NARVA, Estonia (AP) _ Almost overnight, Svetlana Nikiforova’s hopes of a secure future have evaporated under new Estonian laws that would make her and other Russians foreigners in the land they call home.

On the streets of this mainly-Russian city in eastern Estonia, everyone had a different version of what this controversial new law meant. But many, including Mrs. Nikiforova, are convinced they could be deported.

″I’d lose my pension under this law,″ said Nikiforova, 53, sitting on a park bench. ″I hear I could also lose my apartment.″

″I buried my parents here, but now they say I’m a foreigner,″ said 67- year-old Tamara Kritskaya, who has lived in Narva since 1954. She was one of thousands of Russians who emigrated to Estonia after it was annexed to the Soviet Union during World War II.

Viktor Solovyov, a Russian schoolboy who was born in Estonia, said he considered the tiny Baltic country his home - but he did not know long he would be able to stay.

″Estonians are going to start deporting all of us Russians in 24 hours,″ said the 12-year-old. ″Everyone says so.″

Only about 3,000 Estonians live in this town of 80,000 and the language most often heard is Russian. But Estonia wants to end that with new rules which would require foreigners to demonstrate proficiency in Estonian.

Many of the estimated 500,000 Russians living in their adopted country can’t speak Estonian. For decades, they didn’t need too, since Russia was the official language of the Soviet Union.

Last week, Estonia’s parliament passed a law that would make most ethnic Russians on its territory foreigners. They would be required to live in Estonia for at least two years after applying for citizenship, and then be forced to pass Estonian language exams.

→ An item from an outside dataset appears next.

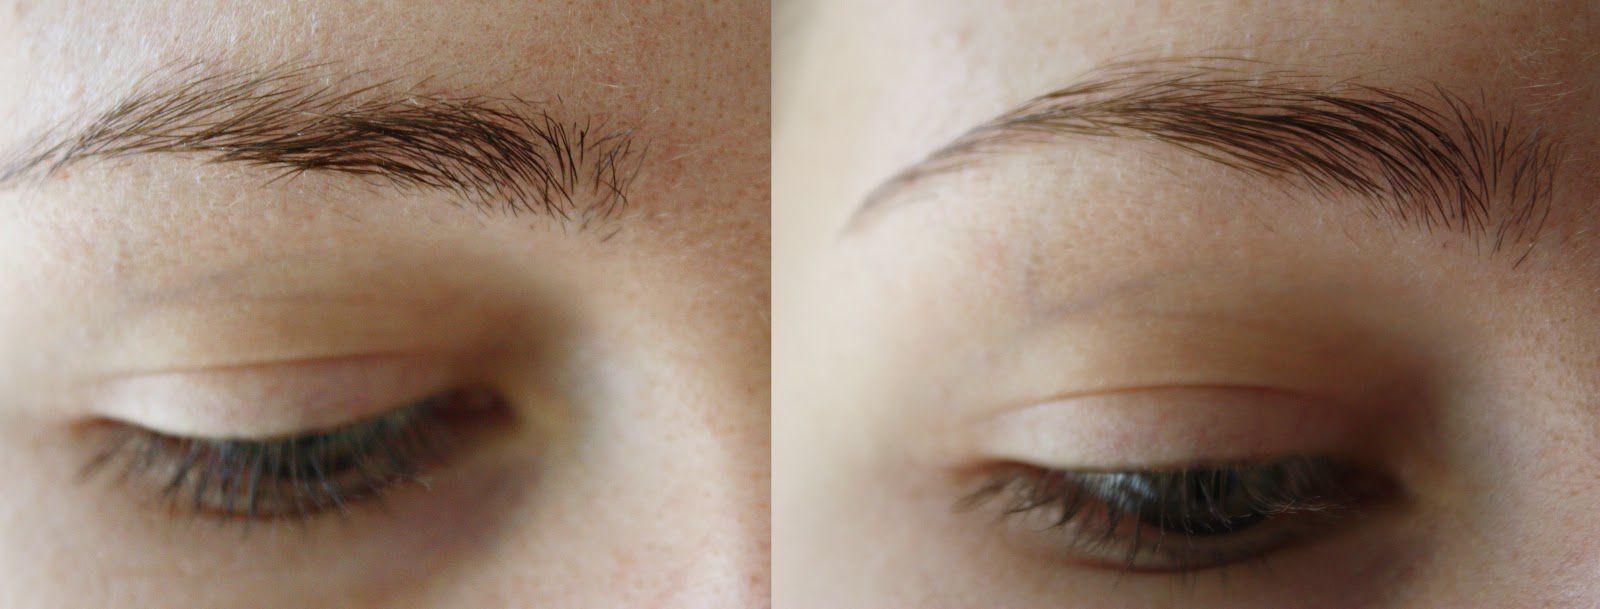 Укладка бровей гелем, фото до и после

Russia fiercely denounced the legislation, and last Thursday an impassioned Russian President Boris Yeltsin compared the law to apartheid.

The city council of Narva voted Monday 16-0 to hold a referendum on autonomy by July 17 following the announcement of the new citizenship law.

″With autonomy we wouldn’t have to worry about what our futures hold in store,″ argued the gray-haired, blue-eyed Kritskaya. ″I’m convinced with autonomy, our leaders here can build up this town and make it rich.″

Estonian officials say Russians are exaggerating the situation.

″Mass deportations are ridiculous, of course,″ said Estonian legislator Aap Neljas, part of a government delegation talking with city officials on the crisis brewing between Narva and the capital, Tallinn.

With the exception of criminals, Nejlas said nobody would lose their pensions or apartment under the new law. He said there was a lot of misunderstanding.

Some blame the Estonian government for the confusion and fear.

″The government’s public relations here in Narva have been a disaster,″ said journalist Ahto Siig, an ethnic Estonian living in Narva. ″Ninety percent of the people here have learned about Estonian laws at rallies and from inflammatory leaflets distributed by Russian hard-liners.″

Siig said support for the idea of autonomy in Narva had increased sharply since the law on foreigners was passed.

Other Russian-dominated cities in northeastern Estonia have threatened in the past to break away from Tallinn, and there is concern they may follow Narva’s example to hold a vote on autonomy.